**Required work:** Below this sentence is a listing; return exactly its lines from the one with "Wyndham Icon 72" to the one with "A perfect wedding", both kept, and nothing more.

START Records shown

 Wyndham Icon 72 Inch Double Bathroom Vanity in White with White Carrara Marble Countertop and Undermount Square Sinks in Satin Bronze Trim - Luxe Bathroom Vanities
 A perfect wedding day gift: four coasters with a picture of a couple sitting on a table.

END Records shown
START Records shown

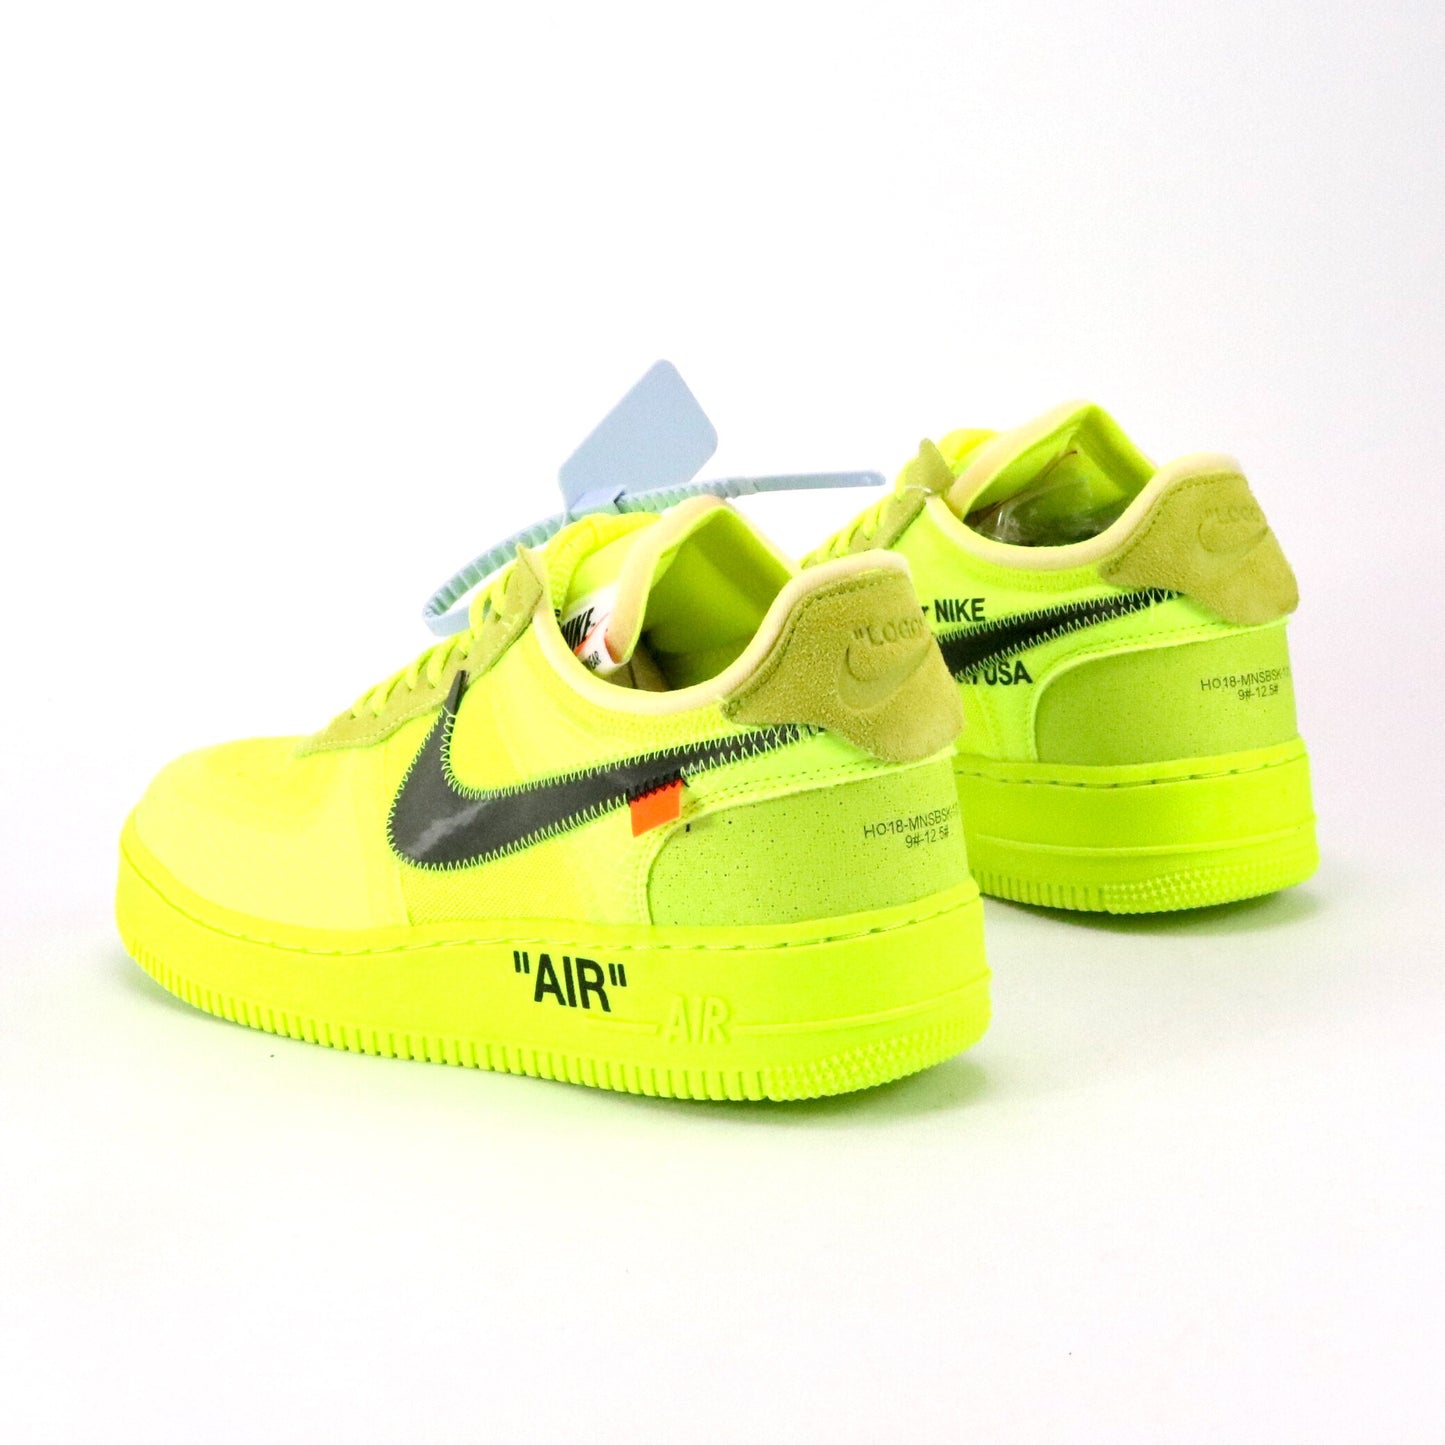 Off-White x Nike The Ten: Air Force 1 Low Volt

END Records shown

**Solved problem:**
 Wyndham Icon 72 Inch Double Bathroom Vanity in White with White Carrara Marble Countertop and Undermount Square Sinks in Satin Bronze Trim - Luxe Bathroom Vanities
 A perfect wedding day gift: four coasters with a picture of a couple sitting on a table.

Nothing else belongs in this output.